A: Yes- we’ve also been working with Windham United to Save our Health Care to make sure the labor and delivery department at Windham Hospital doesn’t close. That’s another barrier to access.
Something people don’t think about is that folks who need access to labor and delivery care are the same folks who need access to abortion care. For many folks, the decision to seek abortion is a parenting decision. Then there are folks who are carrying wanted pregnancies, but due to it being an ectopic pregnancy or receiving a fatal diagnosis, they also need access to abortion care. They should be able to access those important options for their health.
There’s no room for political or ideological agendas to come between someone and their provider when they need care. Our reproductive lives and health care is too complicated- and honestly too personal- for legislation. We should trust people to know what the best decision is for their health, their lives, and their futures.
Q: What can we do?
A: Sending emails and making phone calls to legislators is really, really important. What we know, more than anyone, is that those who want to decimate access to reproductive health care are the same people who have time to stand outside clinics and harass patients. They also have time to email their legislators.
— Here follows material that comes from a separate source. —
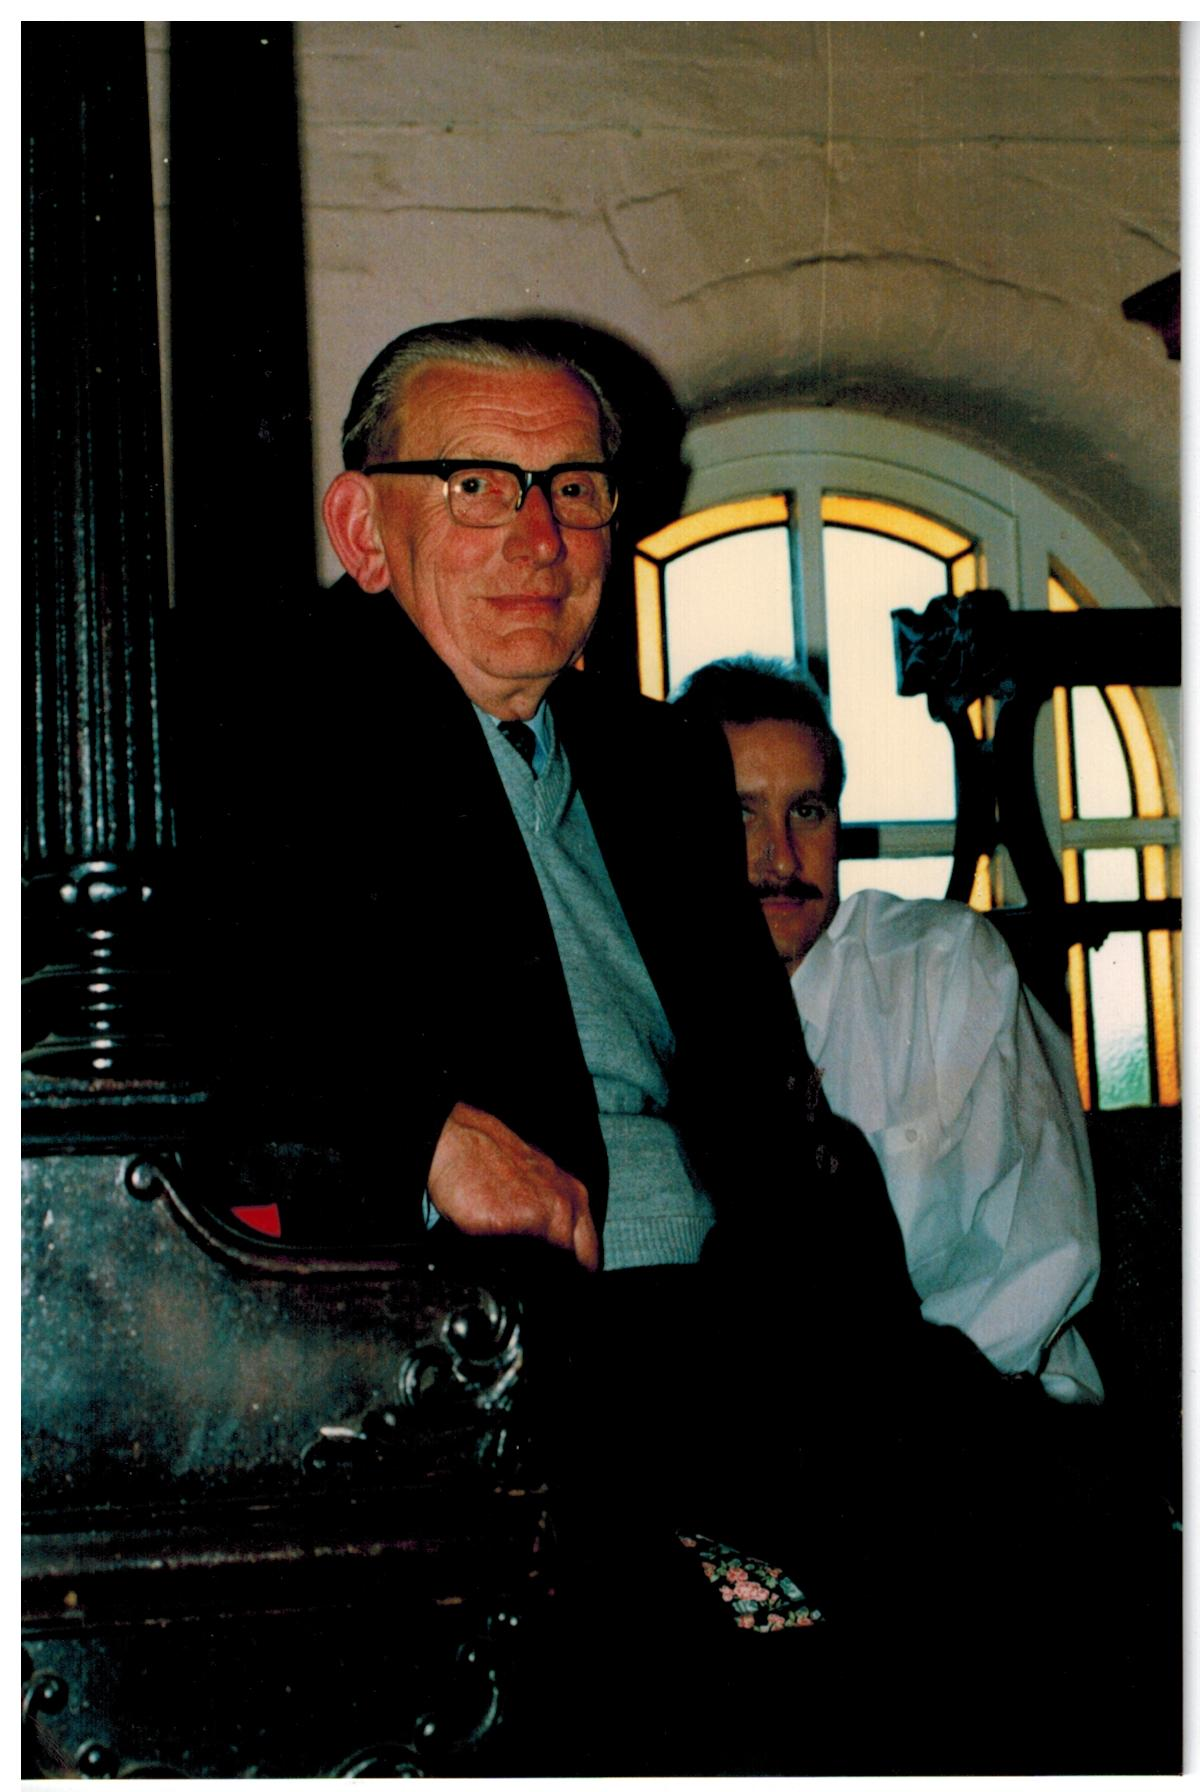 F308_Eddie-Truman[Organist]
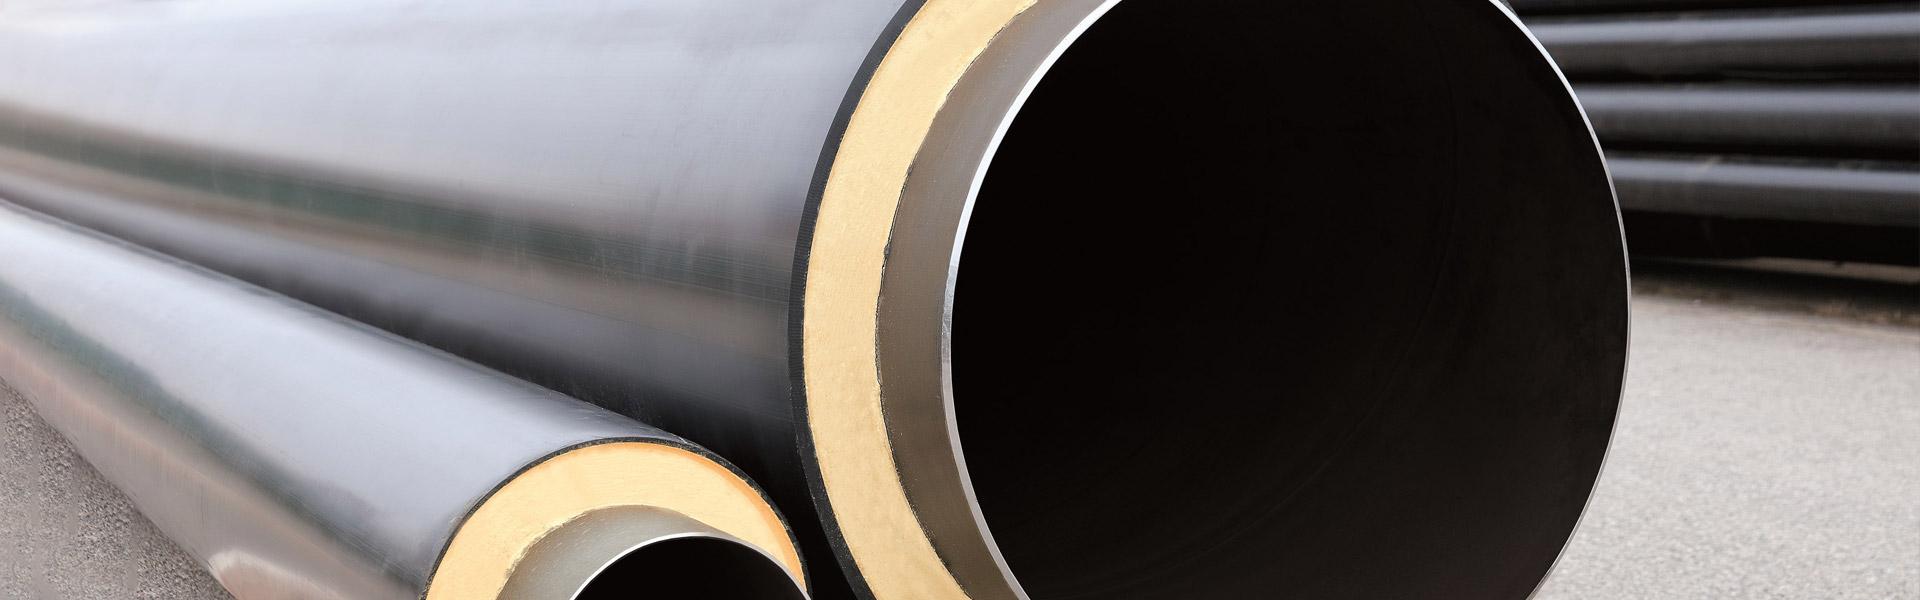 3PE防腐鋼管與環氧煤瀝青防腐鋼管的區別在哪里?

We have a history of bipartisan support of reproductive freedom in CT, and we have to make sure we remind legislators of that.
I also encourage folks to have conversations and challenge people in their life, pushing back on the stigma or misinformation. The anti choice movement has unfortunately done a number on controlling the narrative around abortion and reproductive health in general.
Stigma is so deeply ingrained in all of us, even in our movement, and we have to challenge that. By not talking about abortion in a compassionate way, by not talking about other reproductive health related experiences, we’re letting those who oppose access to care to control the narrative. We need to normalize and destigmatize all pregnancy outcomes with compassion and understanding. Abortion isn’t dangerous, but stigma is dangerous.